Yes, so each DC has several rows and each row has a network. And yea, 154 is eqiad and 153 is codfw. Like this:

; 208.80.154.0/26 (public1-a-eqiad) (.0 - .63)
; 208.80.154.64/26 (public1-c-eqiad) (.64 - .127)
; 208.80.154.128/26 (public1-b-eqiad) (.128 - .191)

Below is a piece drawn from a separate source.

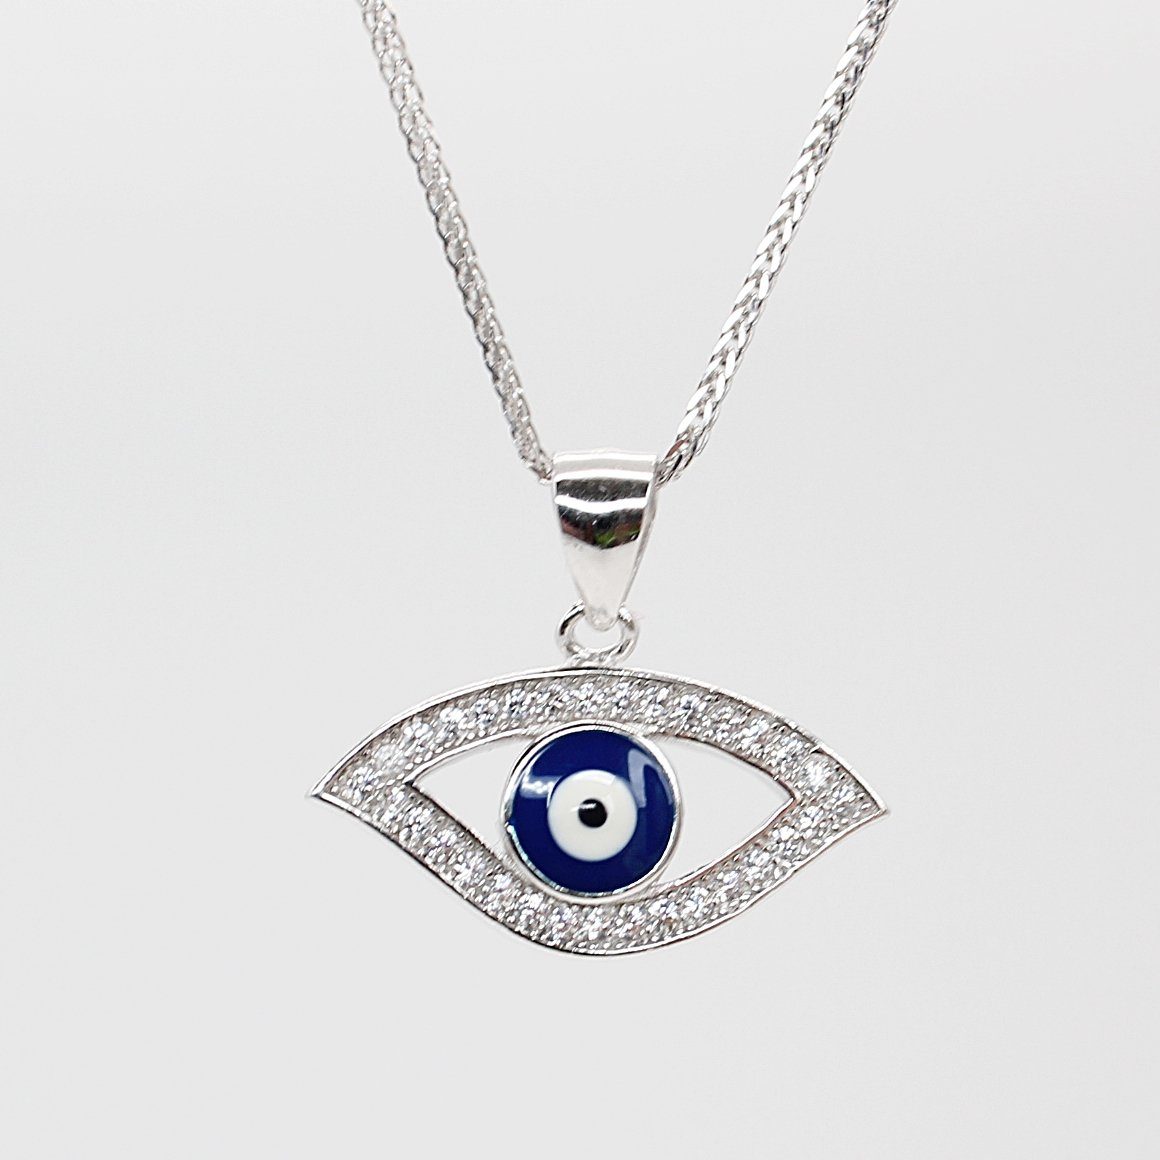 ELLAWIL Silberkette Kette mit Blue Eye Anhänger Damen Zirkonia Halskette Mädchen türkis (Kettenlänge 45 cm, Sterling Silber 925), inklusive Geschenkschachtel

; 208.80.153.0/27 (public1-a-codfw)
; 208.80.153.32/27 (public1-b-codfw)
; 208.80.153.64/27 (public1-c-codfw)
; 208.80.153.96/27 (public1-d-codfw)

Change 317295 merged by Dzahn:
phabricator: add vcs::listen_addresses for codfw

https://gerrit.wikimedia.org/r/317295

Change 318662 had a related patch set uploaded (by 20after4):
Move config for git-ssh(phabricator) to hiera

https://gerrit.wikimedia.org/r/318662

Change 317290 merged by Dzahn:
rename iridium-vcs to phab1001-vcs

https://gerrit.wikimedia.org/r/317290

iridium-vcs renamed:

[radon:~] $ host phab1001-vcs.eqiad.wmnet
phab1001-vcs.eqiad.wmnet has address 10.64.32.186
phab1001-vcs.eqiad.wmnet has IPv6 address 2620:0:861:103:10:64:32:186

[radon:~] $ host iridum-vcs.eqiad.wmnet
Host iridum-vcs.eqiad.wmnet not found: 3(NXDOMAIN)

Change 322034 had a related patch set uploaded (by Dzahn):
conftool/phabricator: replace iridium-vcs with phab1001-vcs

https://gerrit.wikimedia.org/r/322034

Change 322034 merged by Dzahn:
conftool/phabricator: replace iridium-vcs with phab1001-vcs

https://gerrit.wikimedia.org/r/322034

Change 318662 merged by Dzahn:
Move config for git-ssh(phabricator) to hiera

https://gerrit.wikimedia.org/r/318662

This should be resolved now, I think?

well, going by the original task description example:

was:

@phab2001:~# ssh 10.64.32.150
ssh: connect to host 10.64.32.150 port 22: No route to host

is now:

[phab2001:~] $ ssh 10.64.32.150
Password:

so that looks like yes to me

[phab2001:~] $ ssh 10.64.32.150
Password: 


[iridium:~] $ ssh phab2001.codfw.wmnet
The authenticity of host 'phab2001.codfw.wmnet (10.192.32.147)' can't be established.
ECDSA key fingerprint is 0e:bb:b9:81:e1:e7:0d:ed:86:ac:d7:08:a7:5e:f2:80.
Are you sure you want to continue connecting (yes/no)?